Emily also never seems to actually have to work for anything. We never see her sitting at her desk actually doing the work, just randomly pulling an idea out of the air and it being a successful one, despite the disapproval of the mean French people around her.

A particularly thorny idea throughout the series seems to be the lampooning of French culture. Emily spends the entire time trying to make her office more American and to amend their ways of thinking to what she’s more used to, and the show continues to present her way as correct. This might be more problematic if it weren’t for the fact that French culture is barely represented here, as it just seems to be a mismatch of clichés by people who I’m fairly confident have never set foot in Paris before.

Bearing in mind this is also from the creator of Sex and the City, and I am fairly confident that Sex and the City 2 is the most problematically racist film in existence, Emily in Paris presents Paris as a city where everybody, of course, smokes, wherever they want to, people who work together in an office are ridiculously bitchy and don’t know the meaning of professionalism and, obviously, everybody is having an affair.

Emily, meanwhile, just seems to gleefully drift around Paris, making a series of terrible decisions and expecting everything to just go her way all the time. She also seems to bump into an unrealistically large number of attractive gentlemen.

So, putting this to one side, Emily in Paris is actually kind of wildly enjoyable. It’s honestly a tonic to be able to watch something that is so entirely far removed from the actual concerns of real life. The characters resemble actual human beings in so few ways it’s like living in an alternate universe, and you don’t have to dedicate much of your brain to nuance because, simply, there isn’t any.
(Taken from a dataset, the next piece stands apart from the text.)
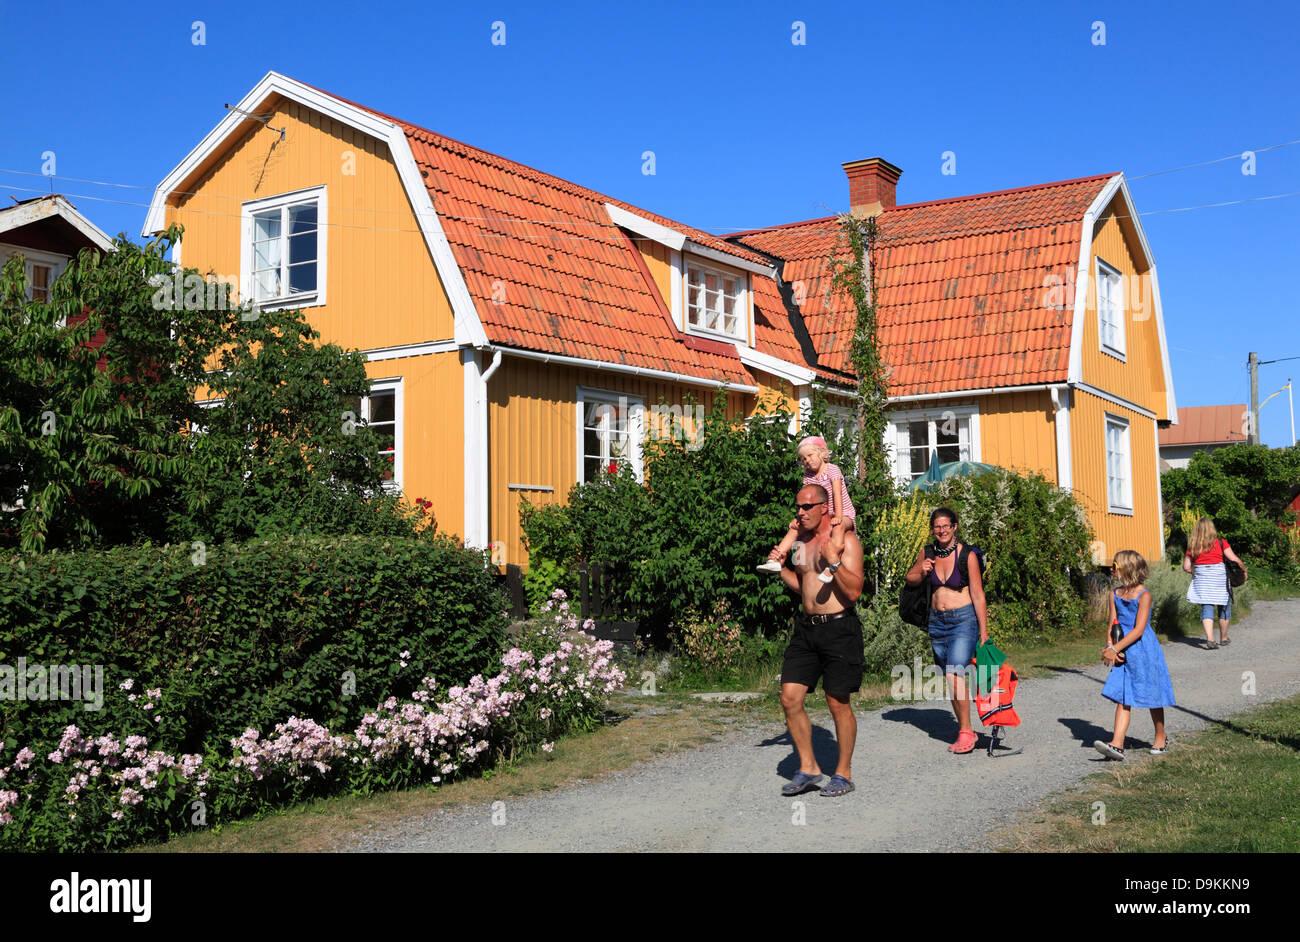 Landsort Island (Oeja), typical wooden houses, Stockholm Archipelago, baltic sea coast, Sweden, Scandinavia Stock Photo

The most emotionally affecting plot is the tale of Emily’s friend Mindy, who she just so happens to bump into, who has moved from her life in Shanghai as a result of choking while performing on Chinese Popstar and now refuses to sing out of sheer embarrassment. Frankly it’s just an excuse to have Ashley Park sing La Vie en Rose, and gives Emily a convenient reason to market a friend’s Champagne as “The Spray”. What’s “The Spray” you ask? It’s something that entitled millennials do with champagne that tastes like crap, which is the kind of crazy bullshit that Emily is irritatingly good at, other than accepting inappropriate gifts of lingerie from their superiors.

The Paris shown here is so idealistic it’s practically nauseating, and I’m sure it’s how every American teenager views living in Europe. The way that Emily drops “tres” into half of her sentences, it’s pretty much having coffee with that irritating friend who’s had a gap year and has come back horrendously changed by all that they’ve seen. (They have changed, of course. They are much, much worse than they were before, and you start hoping that the Cambodian tuk tuk they keep talking about had careened off the mountain path). Honestly, it’s just so terrible and lacking in emotional depth that it’s simply impossible to stop watching. Is it with the same kind of morbid curiosity through which you can’t drag your eyes away from a traffic accident? Perhaps. Regardless, I can’t wait to find out how much Emily blithely fucks up her own life in Season 2.

Emily in Paris is streaming now on Netflix.